Once upon a time there was a little book blogger who received an email thingy from Nazia at Orbit Books and first laid eyes upon the glorious cover of The Once and Future Witches. Once this little book blogger had recovered enough to actually read the blurb, she wished for it upon a star (a.k.a. practically sprained a wrist and a finger or two to request the hell out of it). Her wish was granted by a distant fairy godmother or perhaps the bookish gods, in any case, on a glorious day she found The Once and Future Witches in her letterbox. Oh but how it terrified her! Could the actual content ever live up to the cover and the blurb? Could it ever live up to the apparent magnificence of The Ten Thousand Doors of January? (which the little red-faced book blogger admits to not having read, despite the fact that she’s owned a copy for forever and a day)

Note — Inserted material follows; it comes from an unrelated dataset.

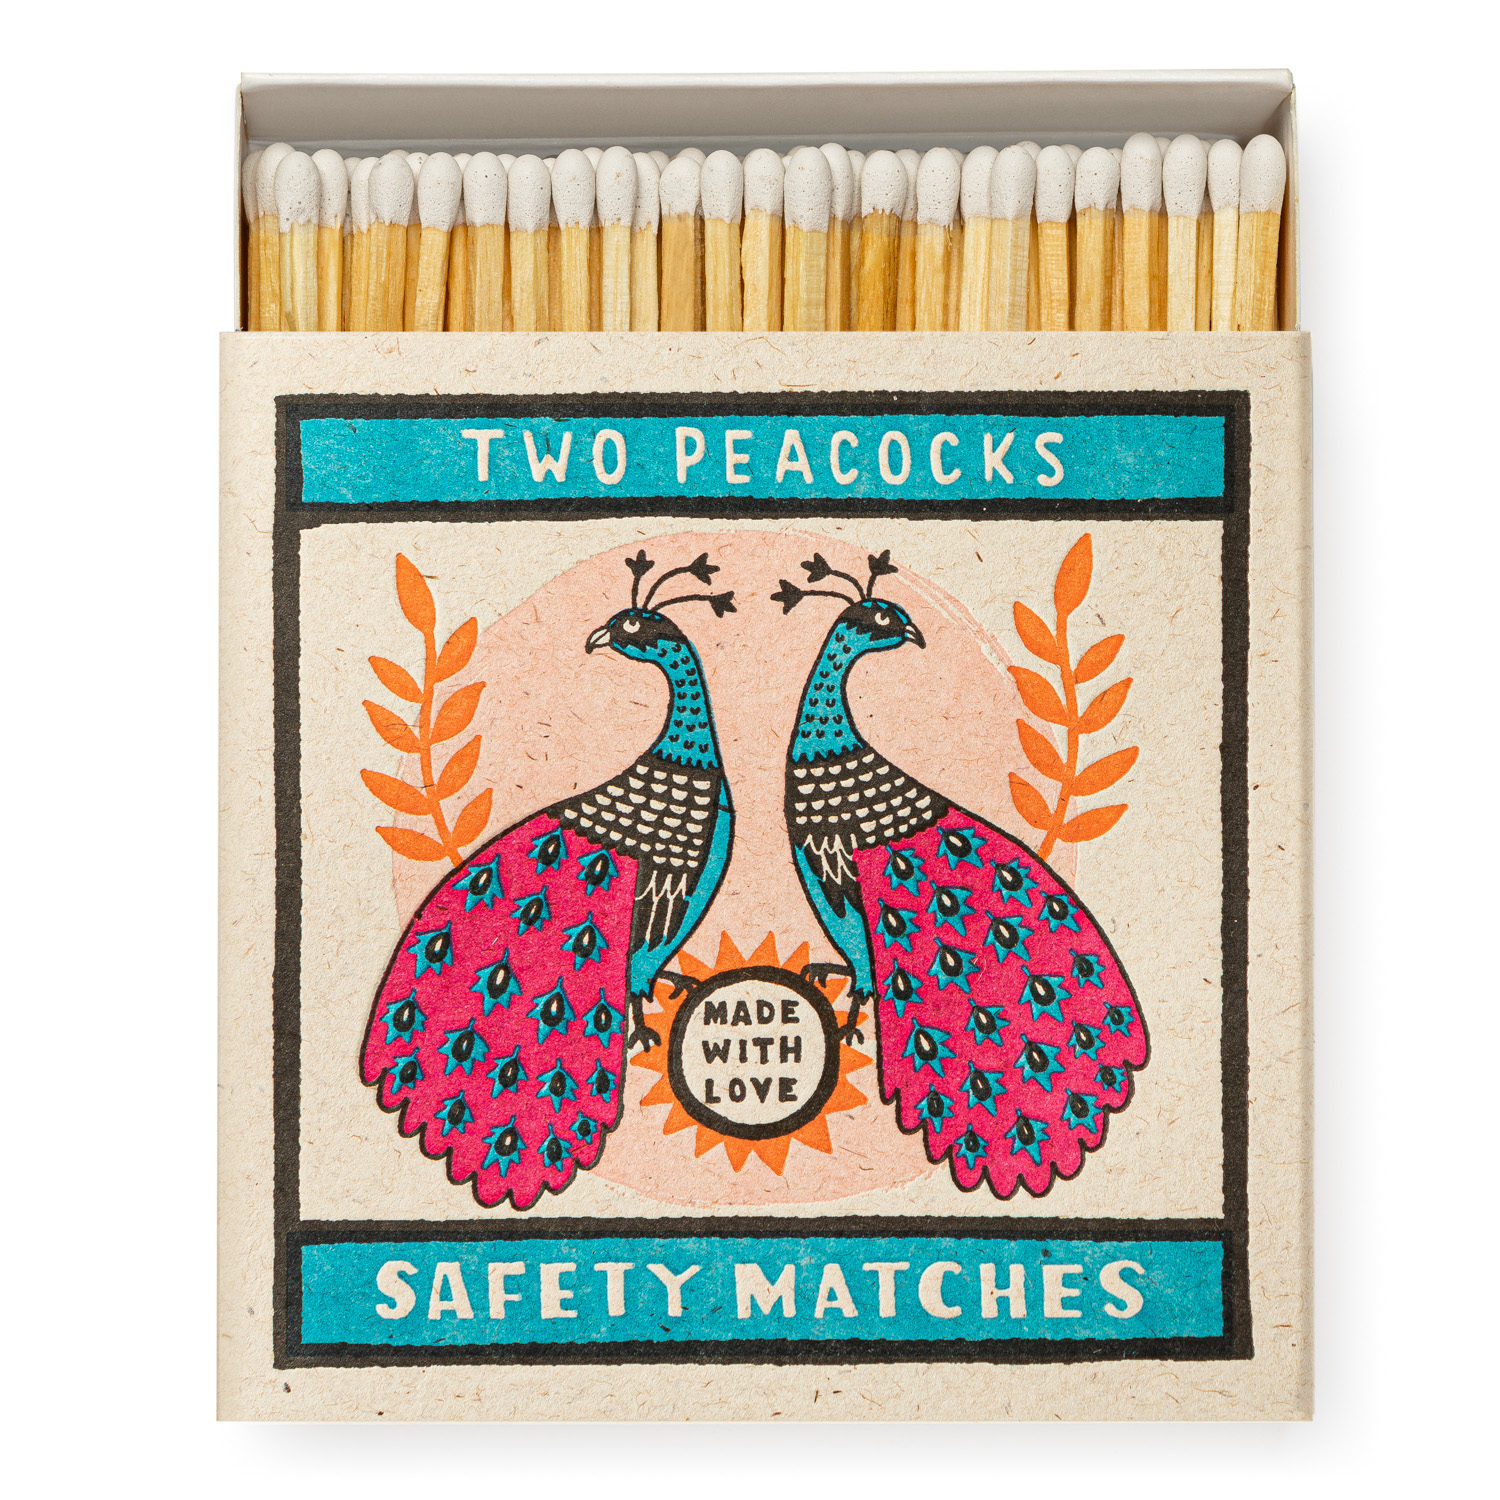 Two Peacocks - Square Matchboxes - Charlotte Farmer - from Archivist Gallery

Once upon a glorious Indian Summer day, the little book blogger gathered her wits and her coffee and her cat and faced the music and what she found surpassed everything she’d hoped. From the prologue to the acknowledgements, The Once and Future Witches was a magical journey. An only child herself, the little book blogger found sisters in June, Agnes and Bella, she found love and outrage and emotion and strength and she even felt a little witchy herself. She savoured every single chapter, every witchy fairy tale from the Sisters Grimm, every smile and every tear.

Once upon a time a little awed book blogger fell under the powerful spell of beautiful story and strong female characters and began to feel an all-encompassing need and an irrepressible urge to shout about it. So here we are. That little book blogger is me (bet you didn’t see that one coming, did ya 😂) and I beg of you: if you’re looking for a witchy book to read in the witchiest of months, do add The Once and Future Witches to your list, and put it right at the top! Highly recommended!

The Once and Future Witches is out on 13 October on Kindle and on 15 October in hardcover.

Huge thanks to Nazia @ Orbit Books for the gorgeous proof copy. All opinions are my own.